The keys could even be pre generated whenever cycles aren't used to
speed up the process (this is most probably a better solution). We
would then have machines that can generate identical OTP keys given a
synchronization cue based on an initial machine state.
That's not a OTP. Shannon's proof of security of the OTP does not
apply to your proposal. You've got a stream cipher, at best.
This makes me wonder now that I'm thinking about OTP again. I'm sure
work has been done on it already, but what about using keys that are
larger than the text to encrypt?
Since it is easier in practice to use pseudo random data than to
generate random data which is then distributed as appropriate, would
encrypting messages à la OTP with 'pseudo random data' using a key
greater than the message make any sense to increase security, given
that the data be scrambled evenly across and maybe padded with
additional bogus data all the way up to the lenght of the key (maybe by
using the bogus data to determine how the plain text message should be
distributed amongst the bogus data)?
This process is akin to steganography except the message is known to be
encrypted amongst a sea of junk.
I'm thinking pseudo generated key and bogus data:
Bogus Data: POQ9YDK3REEVJHHHZ8LE
H position 1 in bogus data
E position 15 in bogus data
L position 14 in bogus data
L position 9 in bogus data
O position 4 in bogus data
Bogus Data + Text: HOQOYDK3LEEVJLEHZ8LE
Encryption by XORing Key to Bogus Data + Text
How cryptographically strong is such a scheme (it would of course
depend on the pseudo random data generation)?
BOB has a virtual machine with a certain rotor settings and generated a
pseudo random key and pseudo random bogus data.
ALICE also has a virtual machine with the same rotor settings which
means she can generate the same two pseudo random key and bogus data.

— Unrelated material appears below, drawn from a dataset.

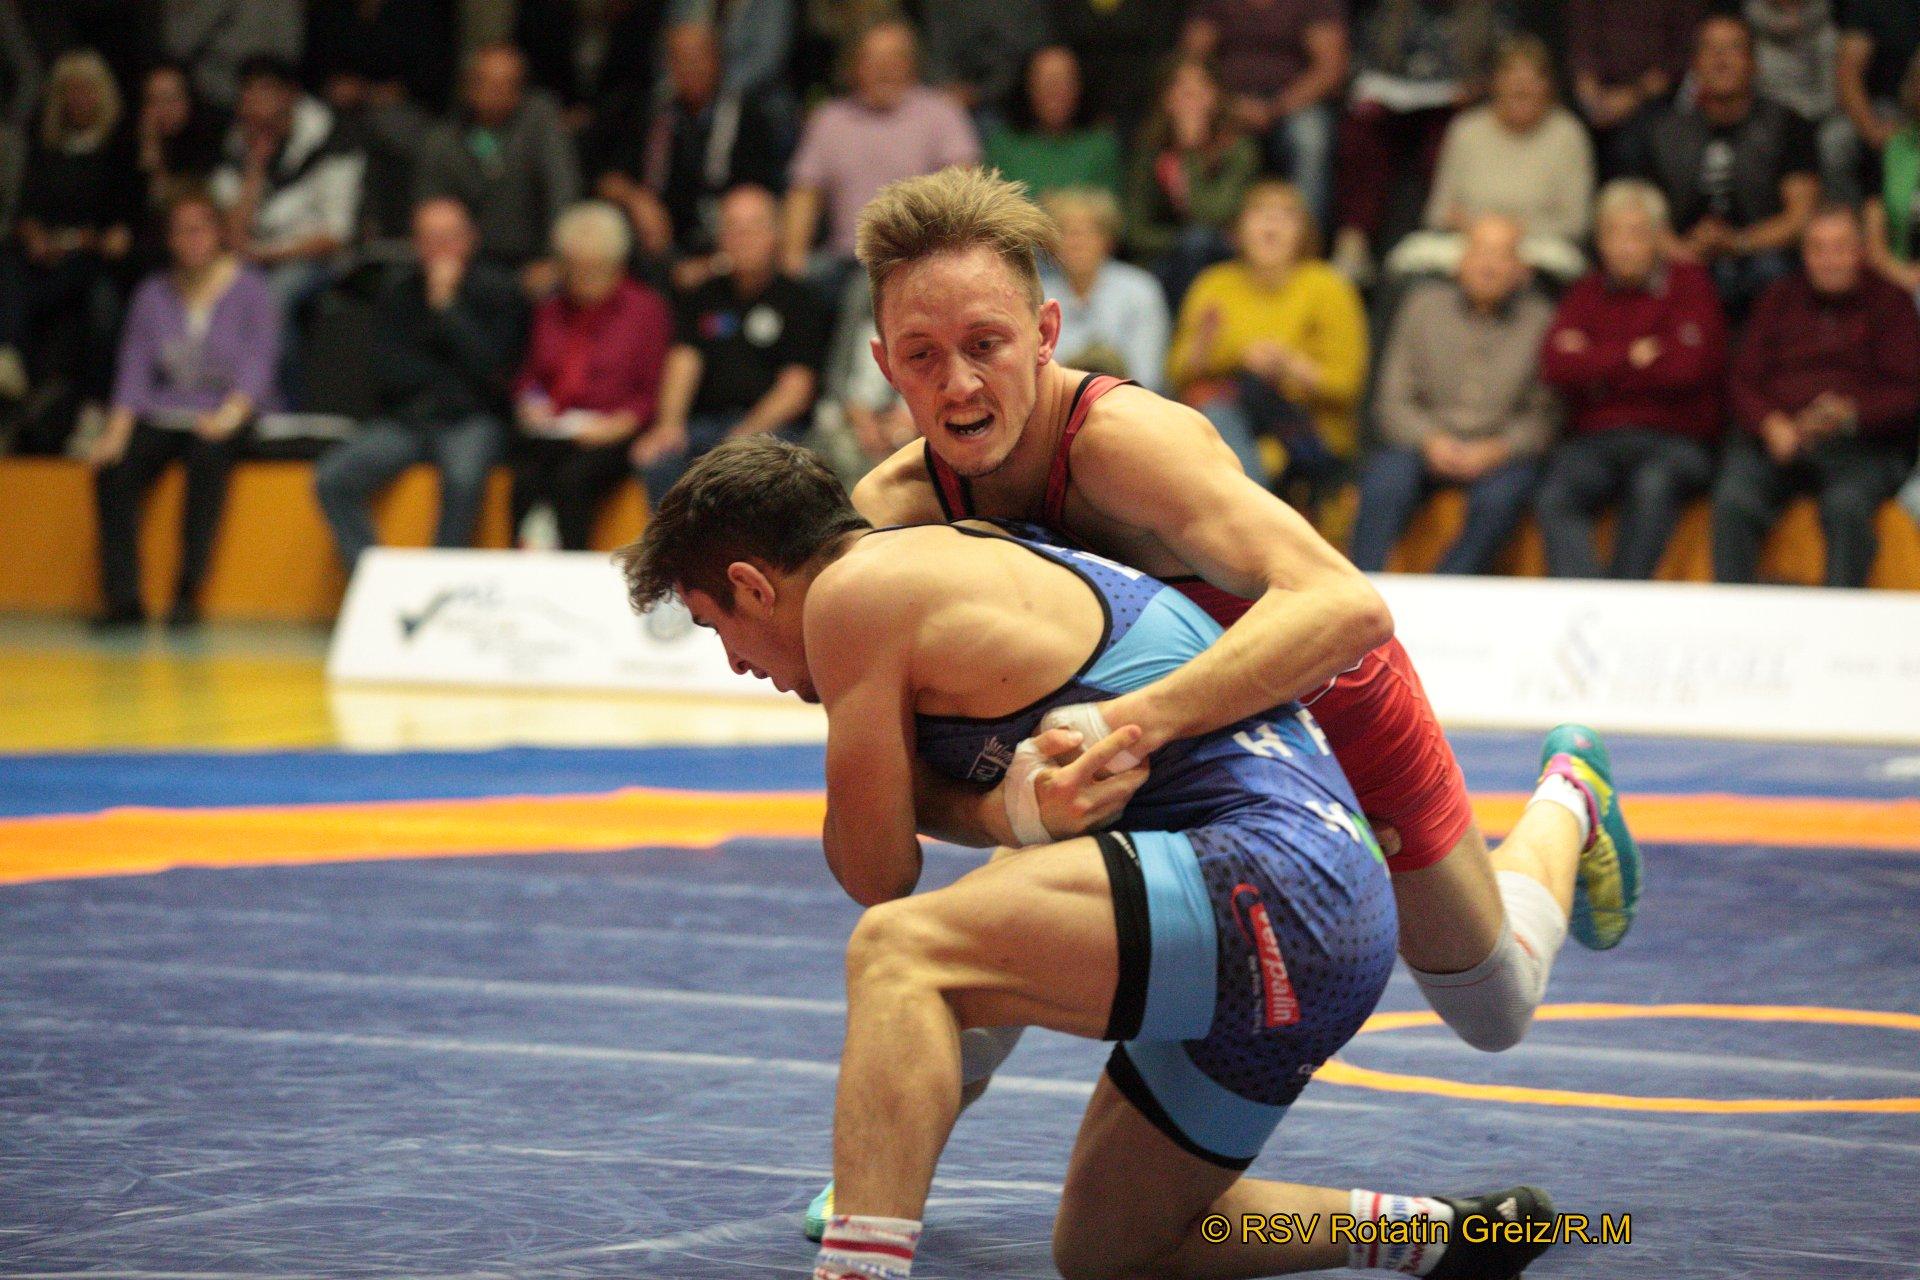 57kg Freistil: Sven Cammin (2) (rotes Trikot), RSV Rotation Greiz gegen Ahmet Duman EU (5), AC Lichtenfels 0:4/TÜ/4:19/03:52

So she has all the information she needs to decrypt the message and
All of this of course, depends on the initial rotor states being
unknown to the attackers. Would it matter If the algorithm was known?,
I'm not certain it would, but do you think it would it be 'easy' to
derive the properties of pseudo random data generation to try and
extrapolate the initial rotor position?